__Assigned task__
Everything in the listing below must be reproduced exactly, apart from its images.

__Raw data__
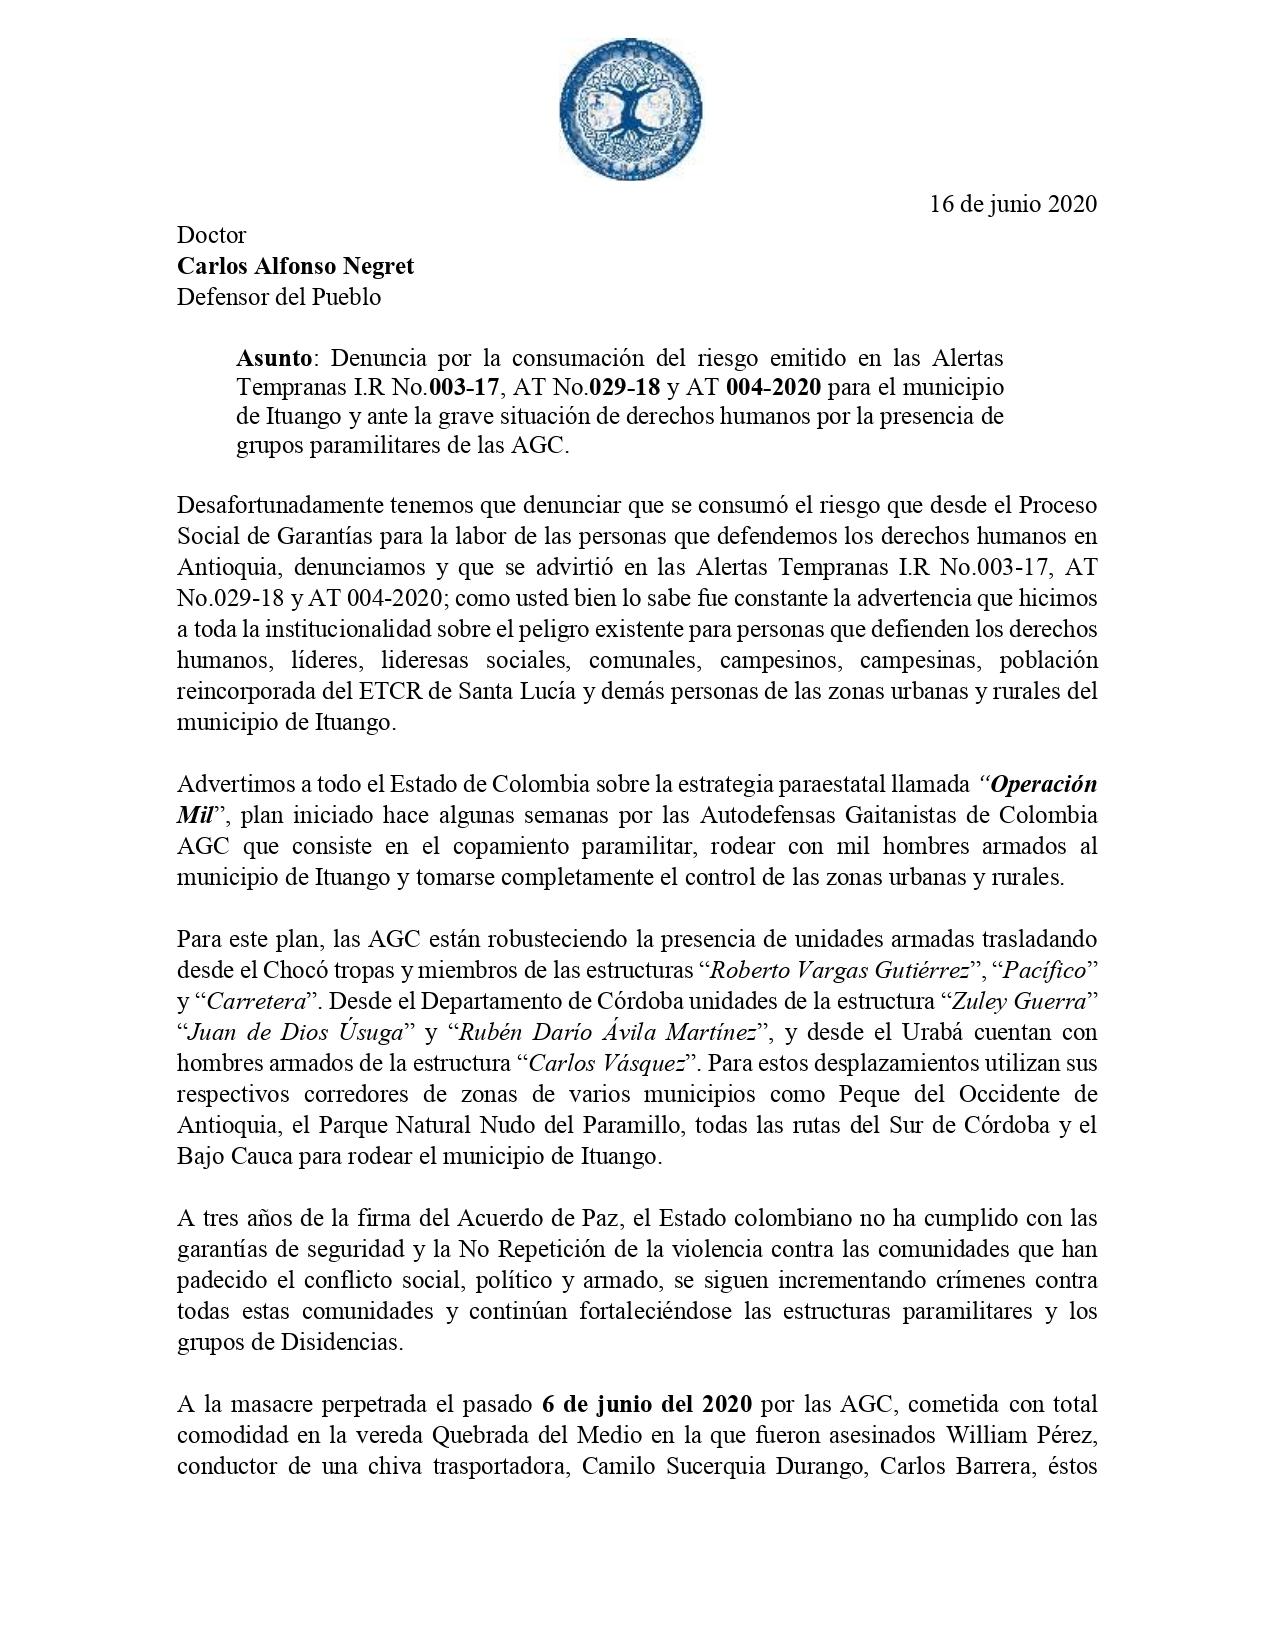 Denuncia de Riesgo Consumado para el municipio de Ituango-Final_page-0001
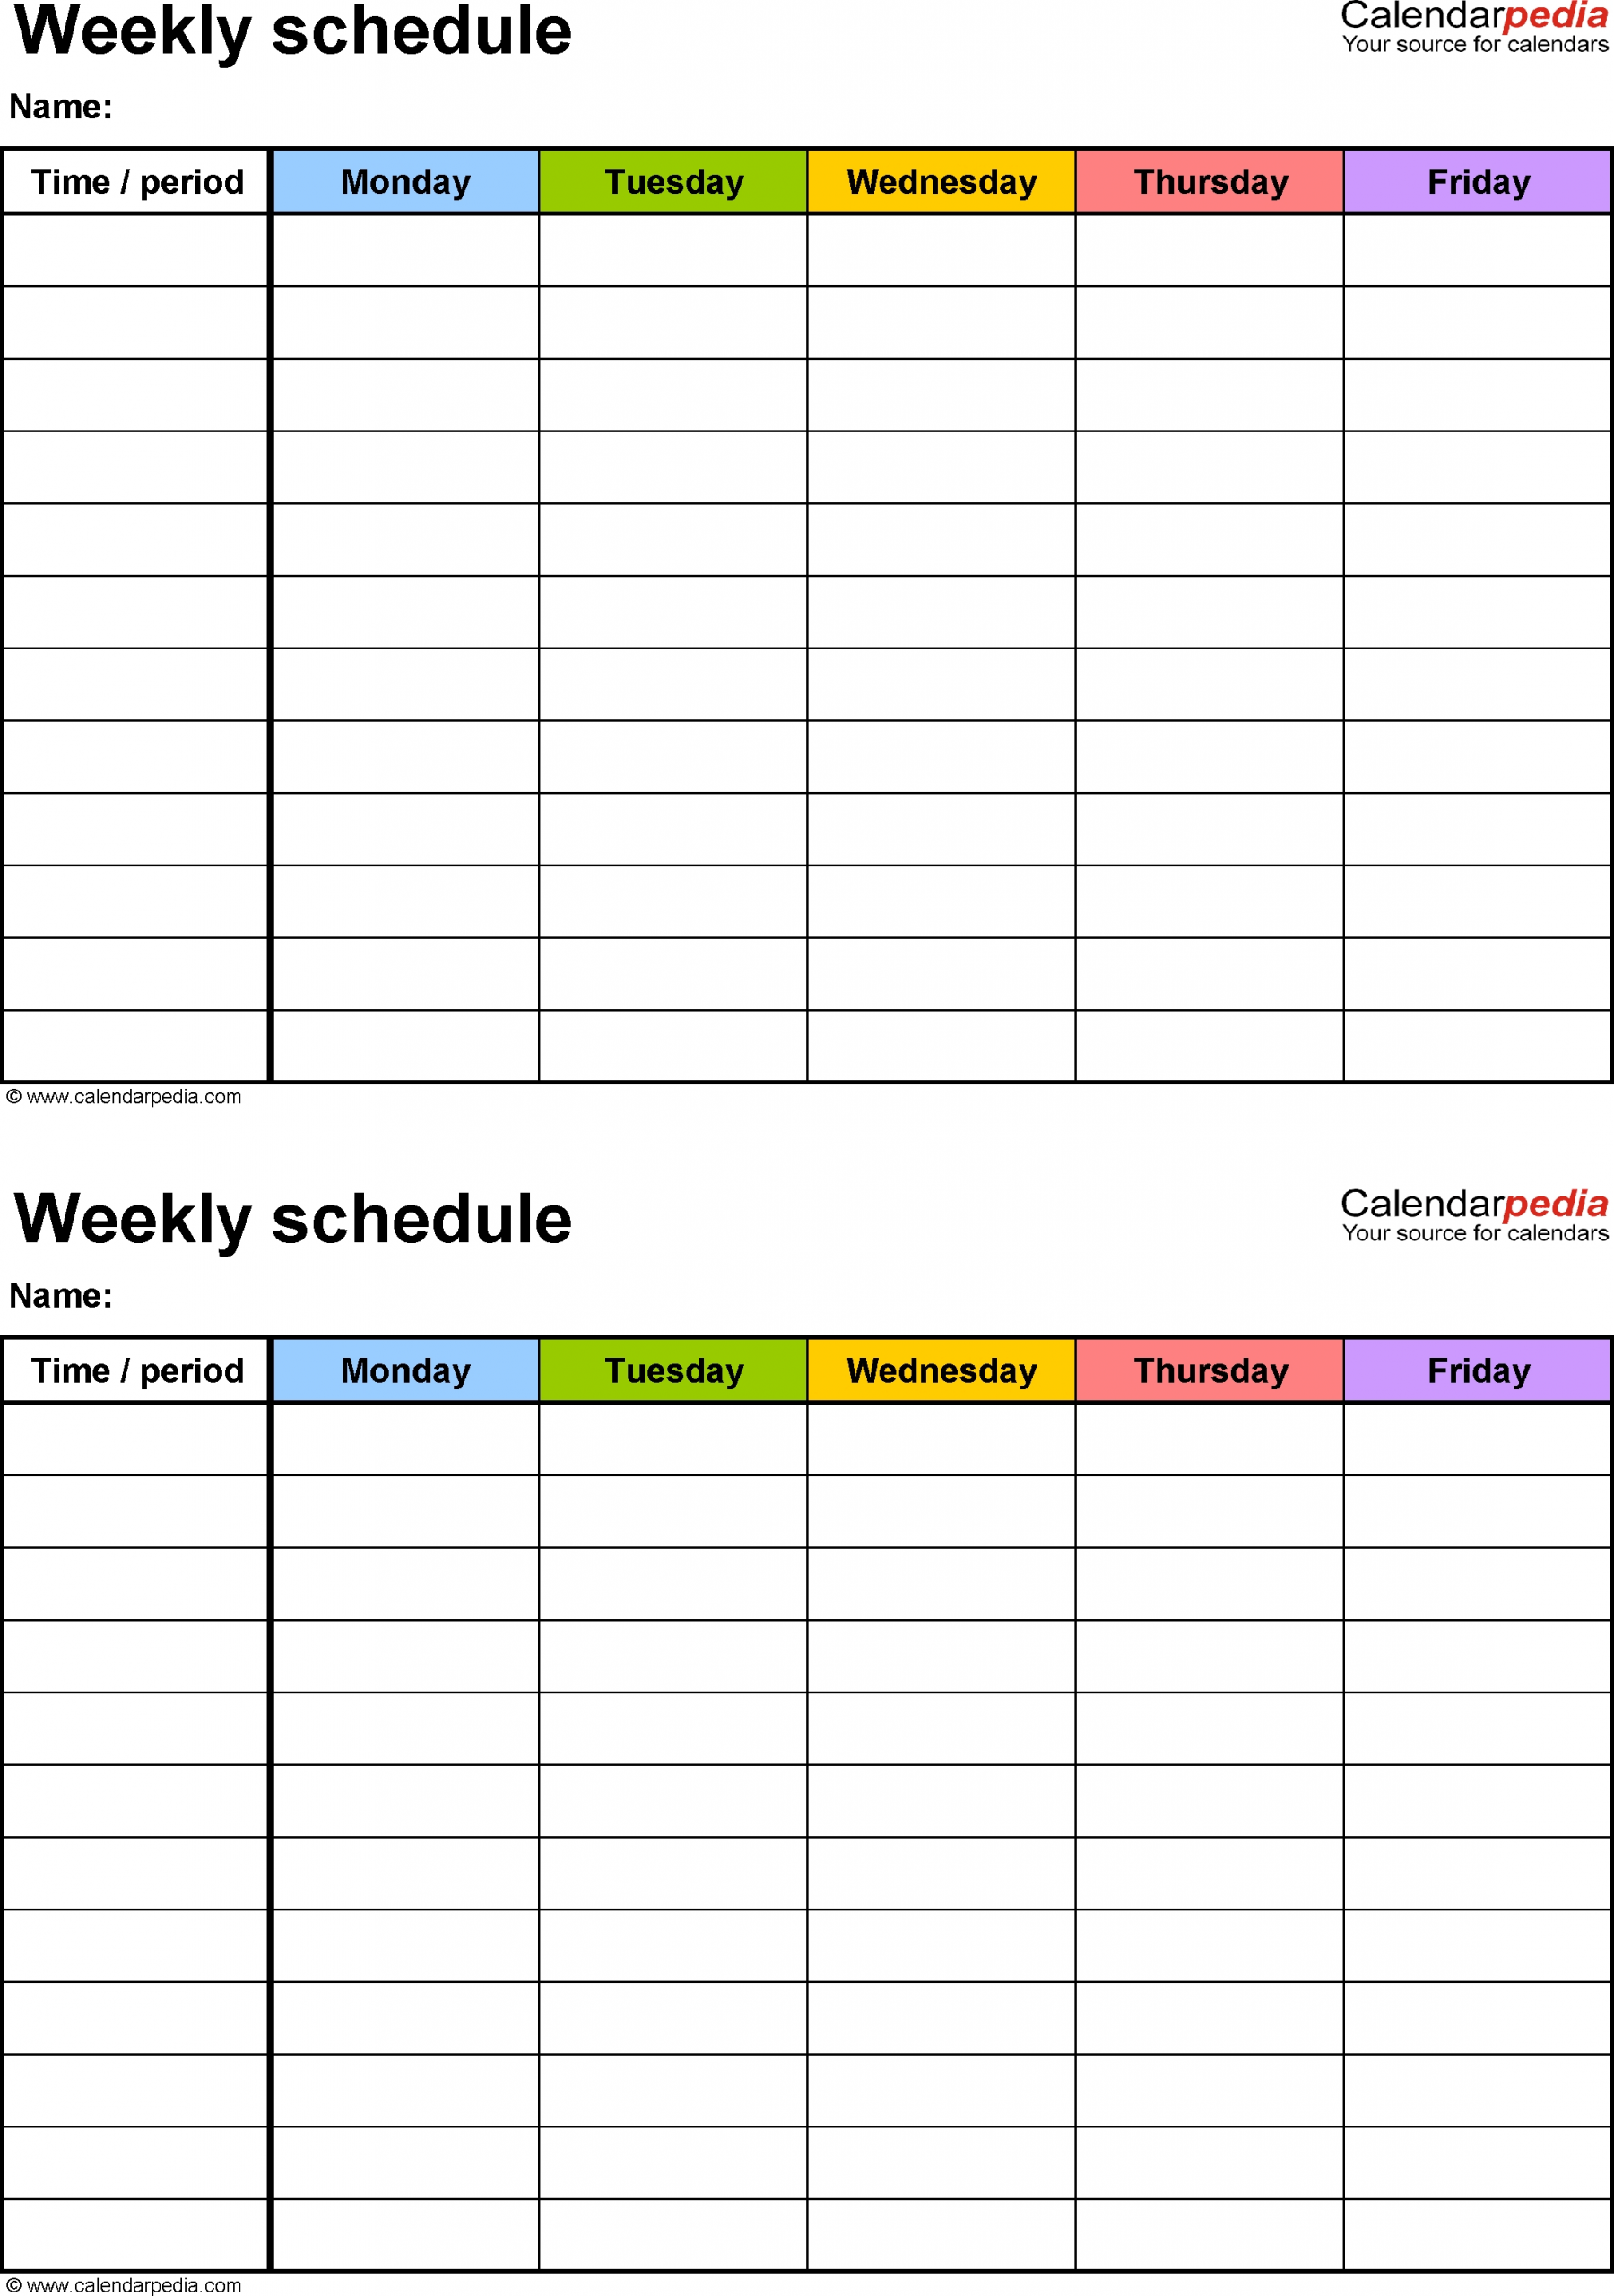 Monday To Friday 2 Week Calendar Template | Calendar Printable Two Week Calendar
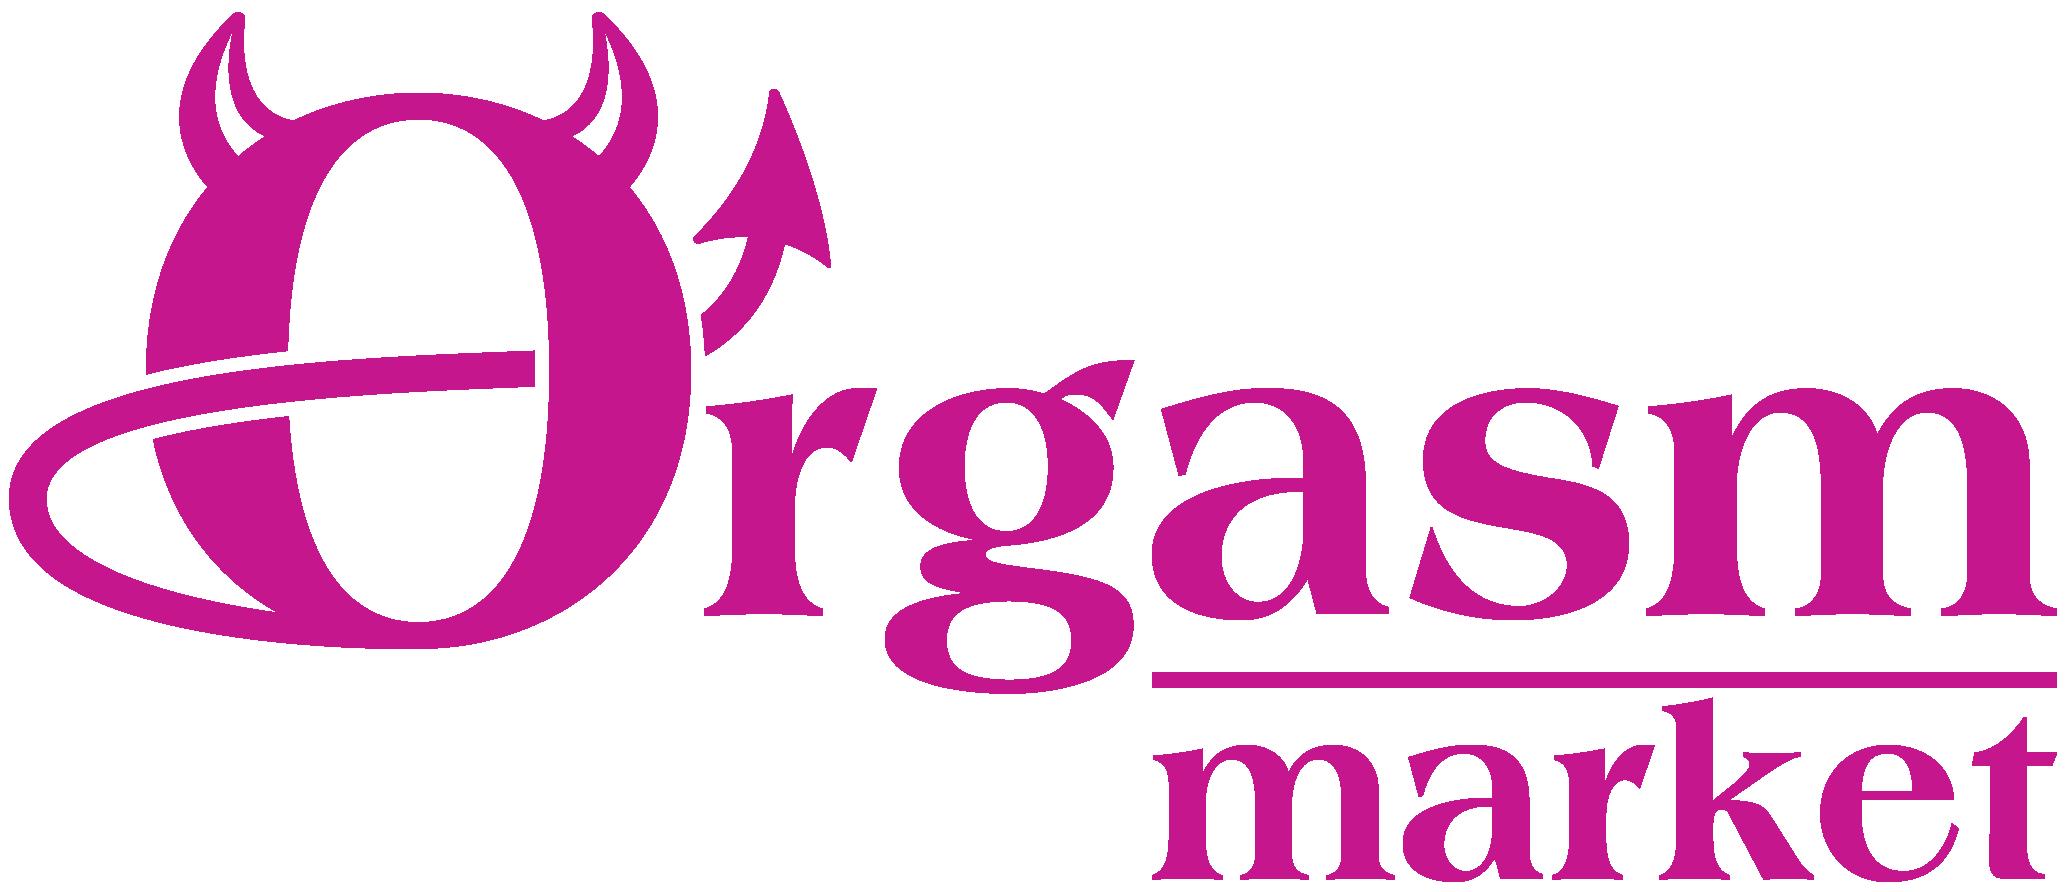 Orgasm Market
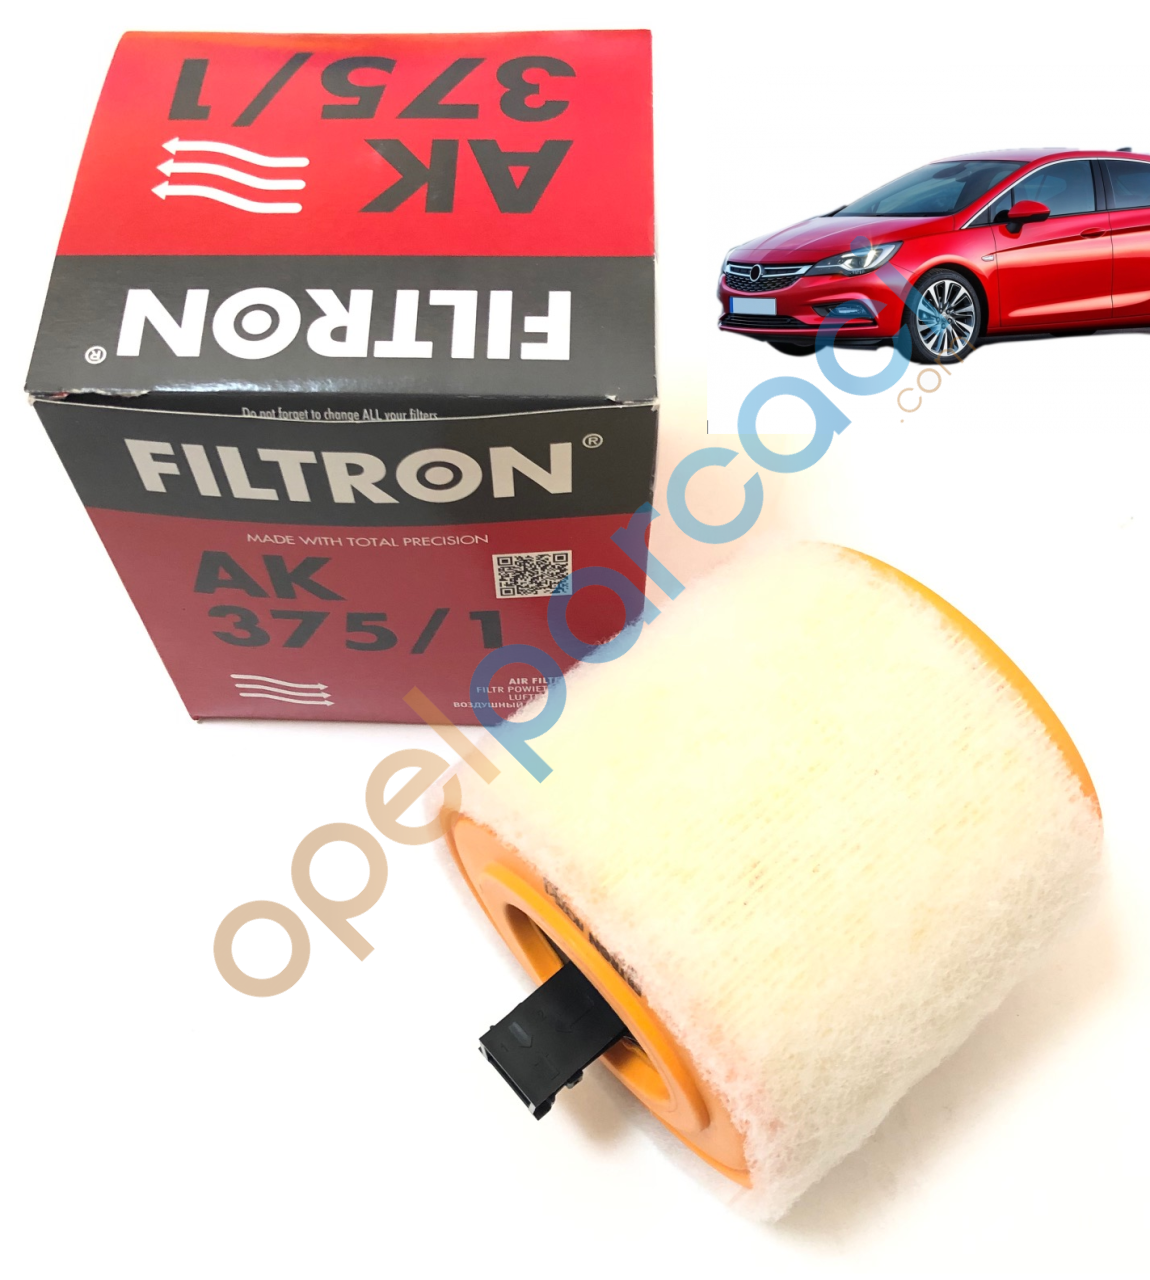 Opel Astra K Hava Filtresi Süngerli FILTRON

__Expected answer__
 Denuncia de Riesgo Consumado para el municipio de Ituango-Final_page-0001
 Monday To Friday 2 Week Calendar Template | Calendar Printable Two Week Calendar
 Orgasm Market
 Opel Astra K Hava Filtresi Süngerli FILTRON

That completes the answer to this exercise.